**Activity:**
Transcribe, word for word, only the lines from the one containing "Adobe-CCT-Tales-of-Scale-Key-Visuals-15022020_0003_ScreenAE.jpeg" through the end of the material below. Pictures stay out.

------ Dataset excerpt ------

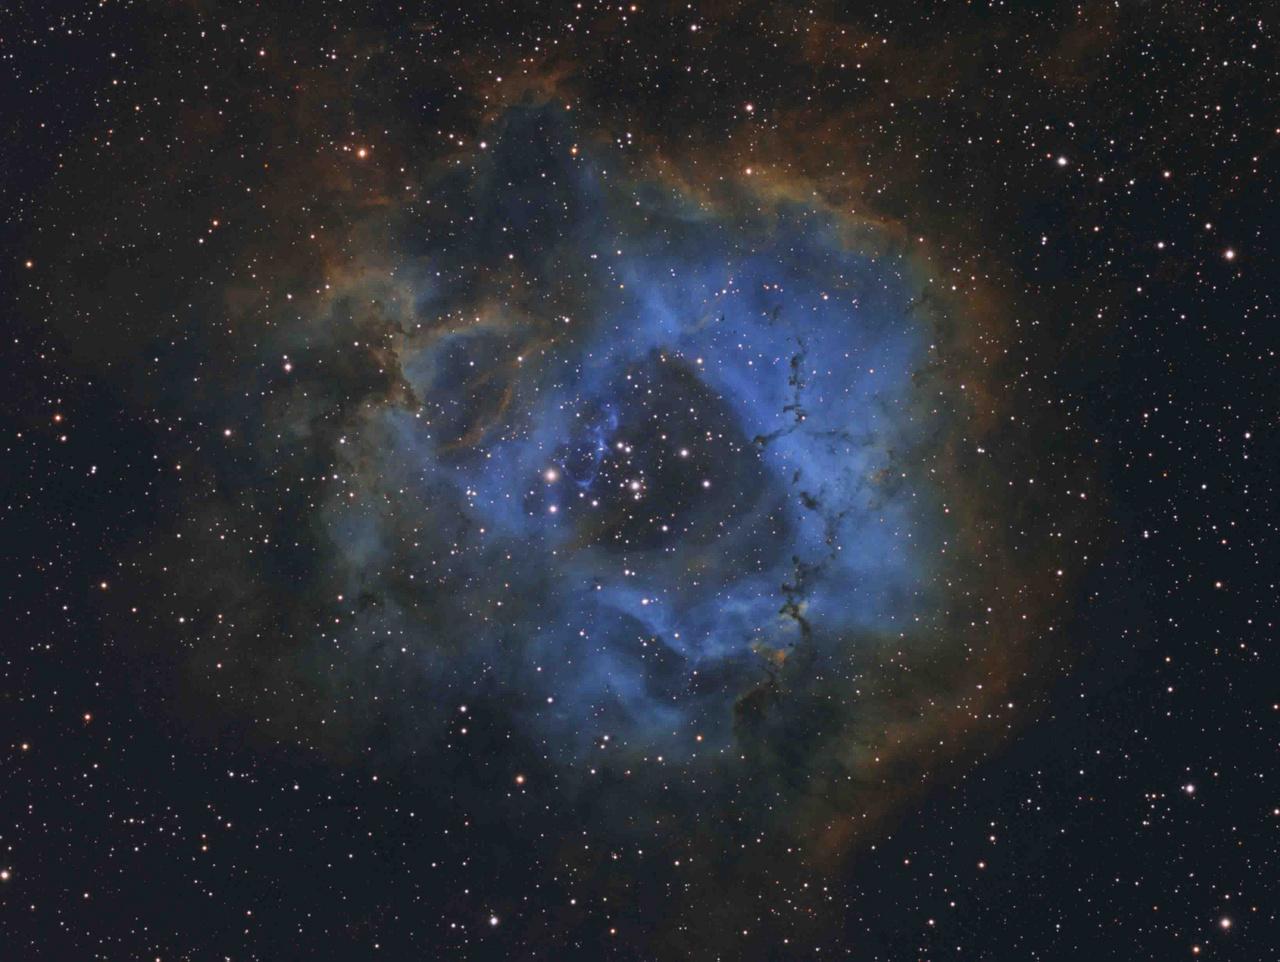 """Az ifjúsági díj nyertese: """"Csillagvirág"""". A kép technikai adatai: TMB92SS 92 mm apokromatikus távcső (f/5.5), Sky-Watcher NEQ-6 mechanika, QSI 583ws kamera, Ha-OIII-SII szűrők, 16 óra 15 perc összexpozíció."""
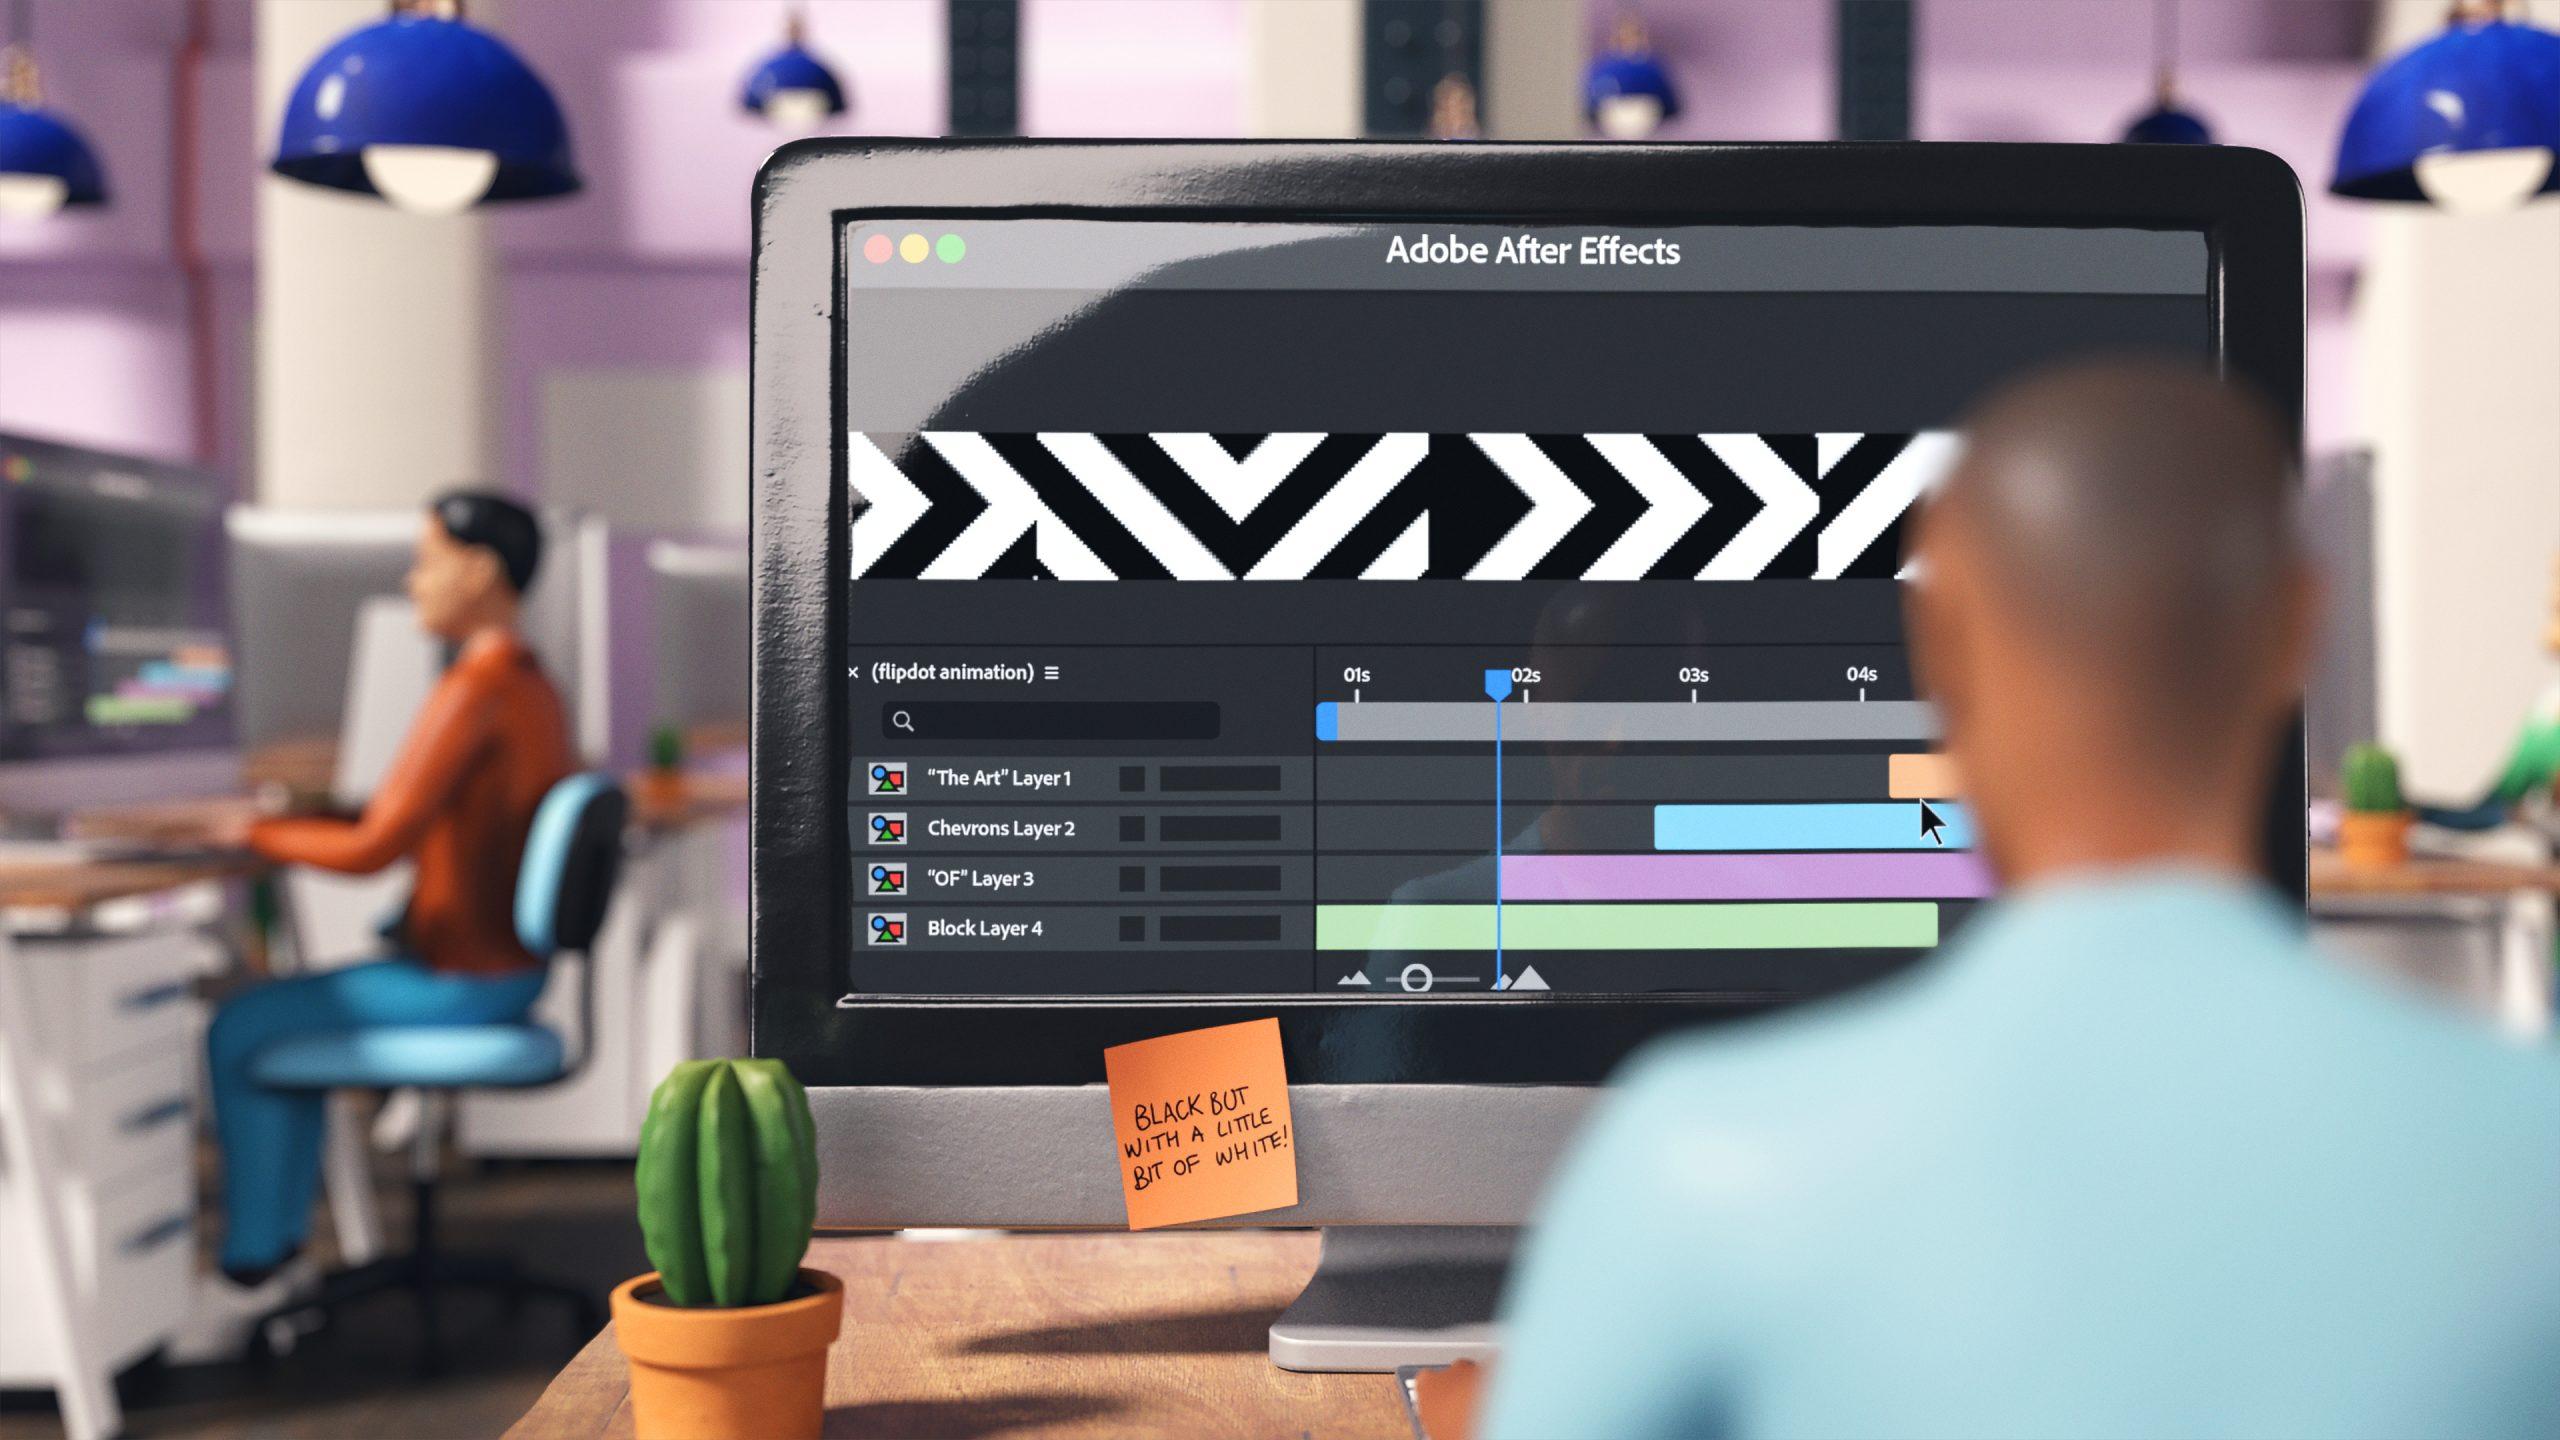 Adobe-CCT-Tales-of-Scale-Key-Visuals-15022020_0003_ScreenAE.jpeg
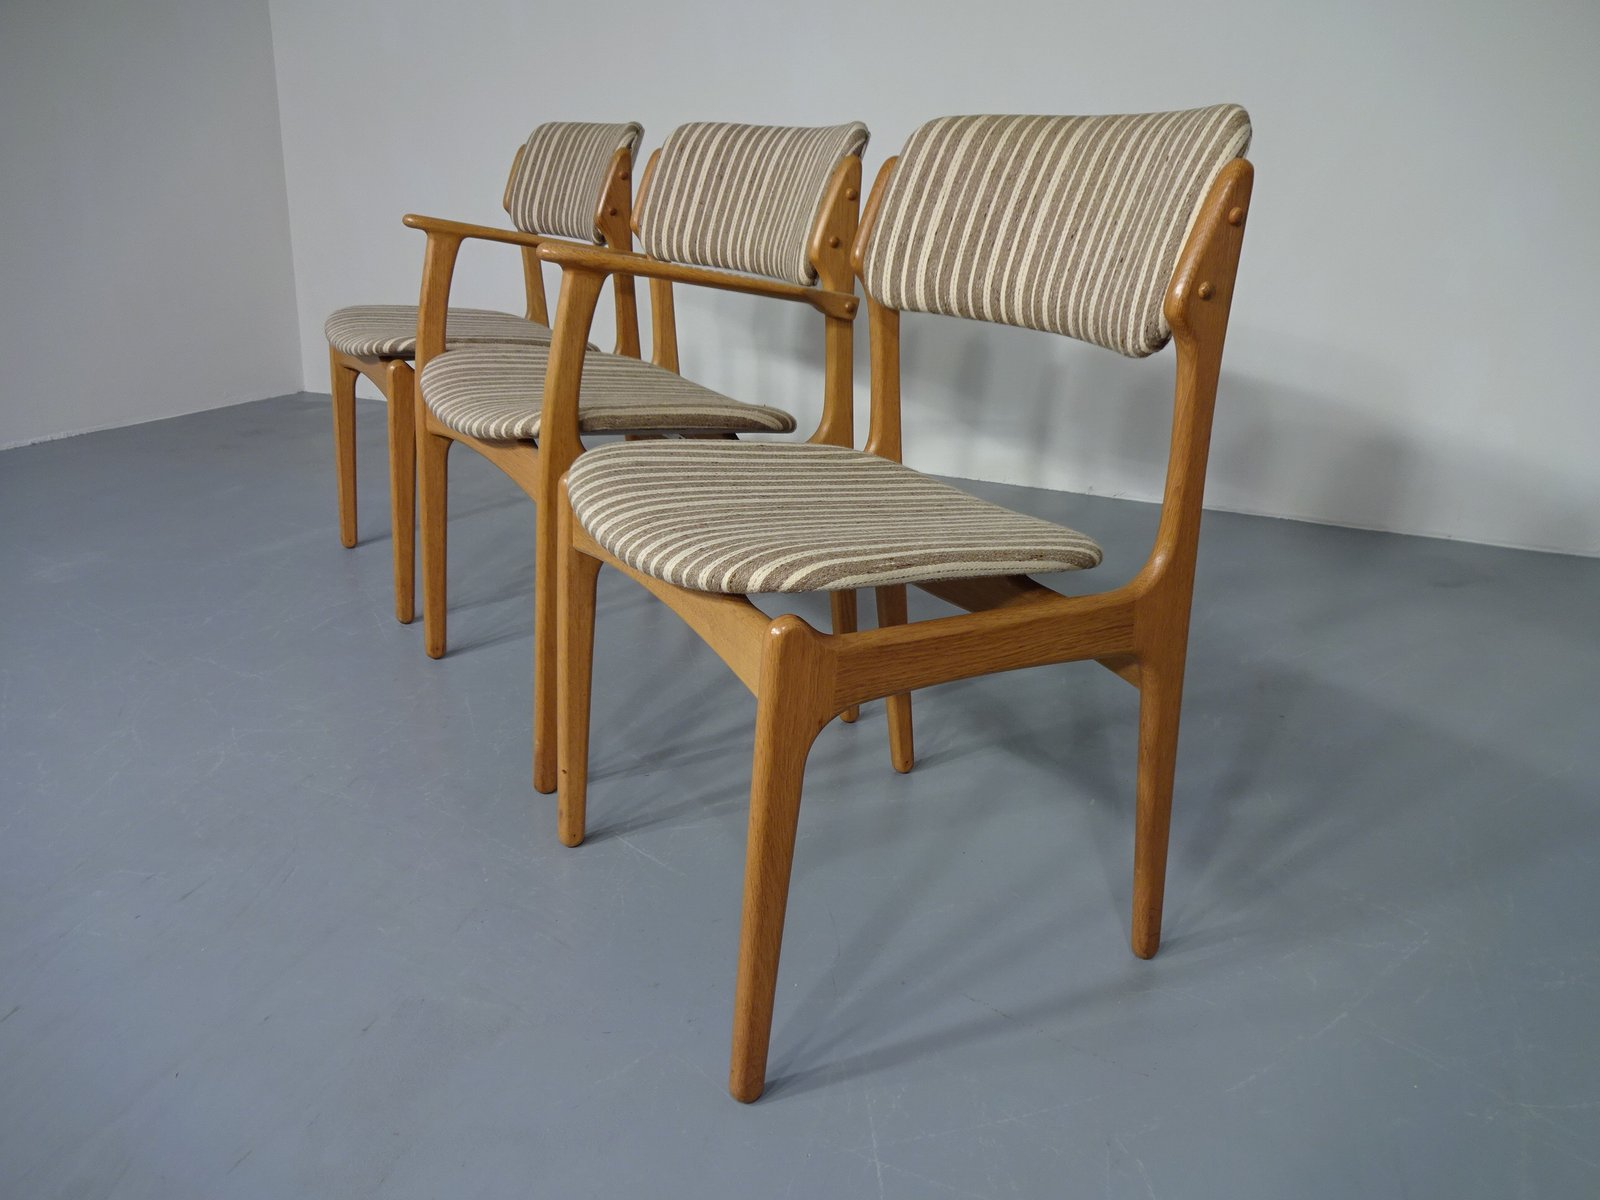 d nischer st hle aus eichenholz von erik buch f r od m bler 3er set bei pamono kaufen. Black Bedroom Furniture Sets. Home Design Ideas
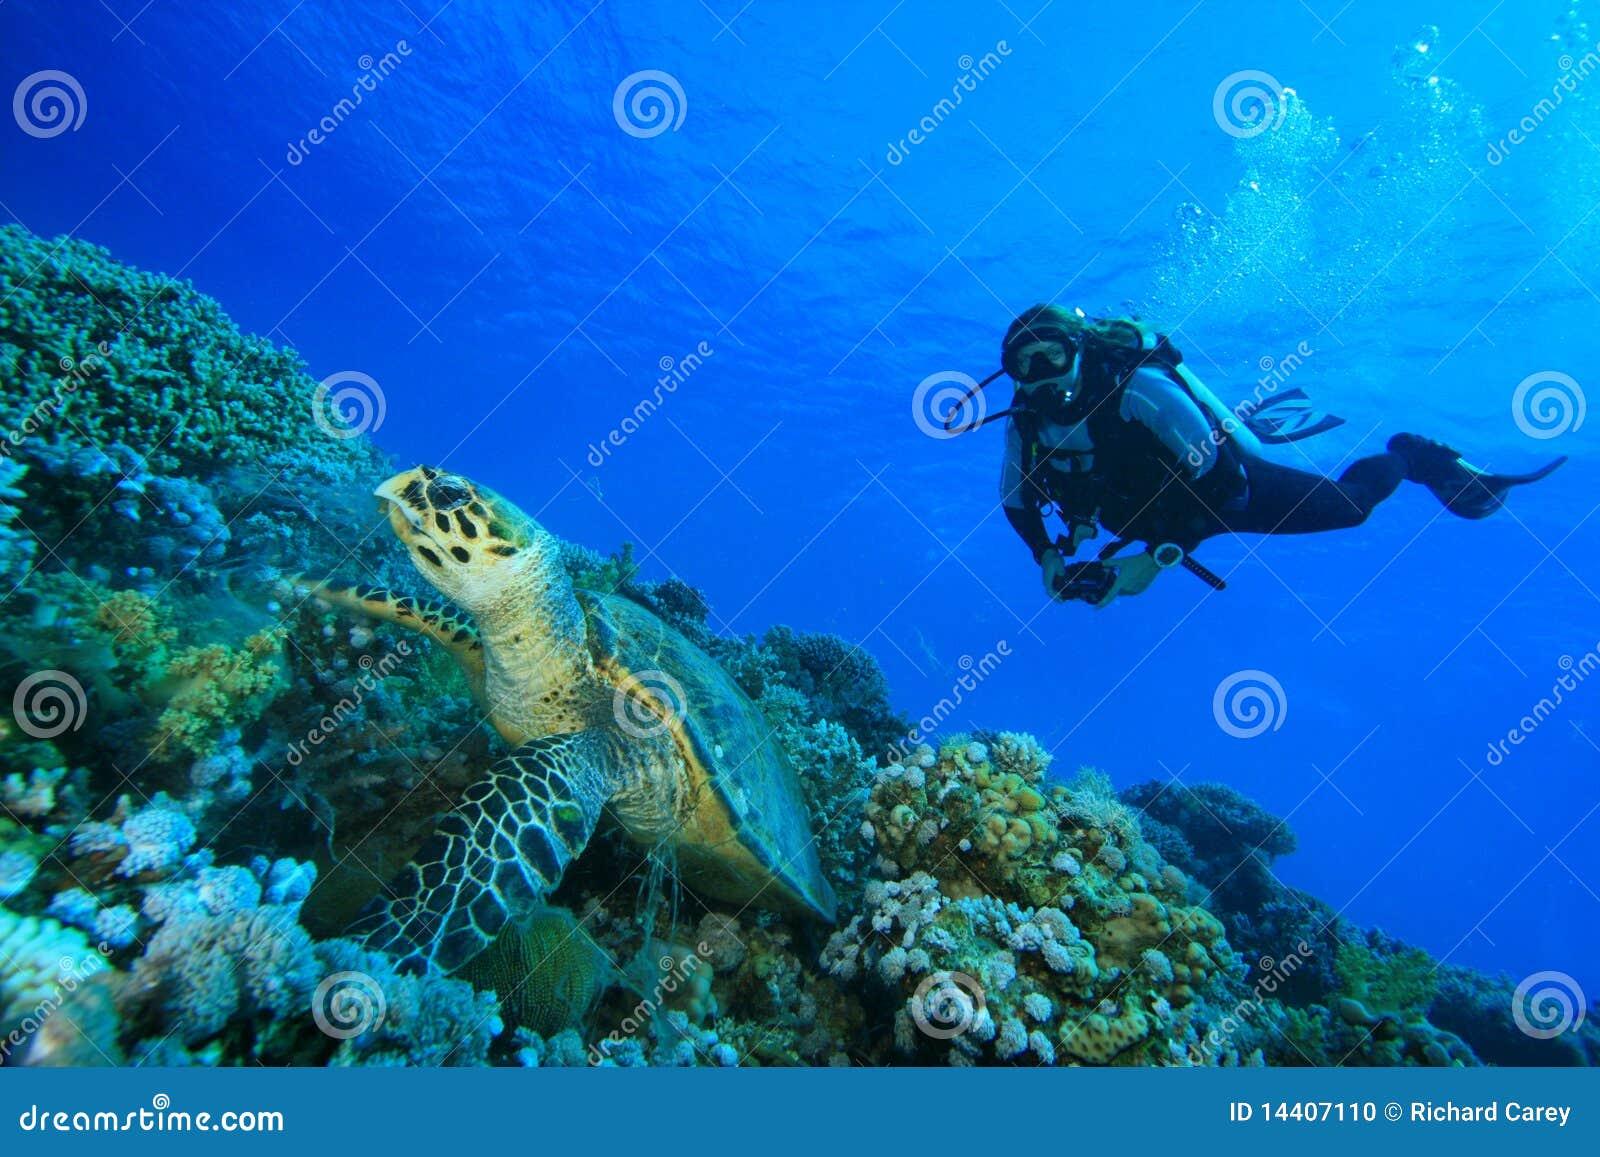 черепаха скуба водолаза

------

**Result of this exercise:**
 Adobe-CCT-Tales-of-Scale-Key-Visuals-15022020_0003_ScreenAE.jpeg
 d nischer st hle aus eichenholz von erik buch f r od m bler 3er set bei pamono kaufen. Black Bedroom Furniture Sets. Home Design Ideas
 черепаха скуба водолаза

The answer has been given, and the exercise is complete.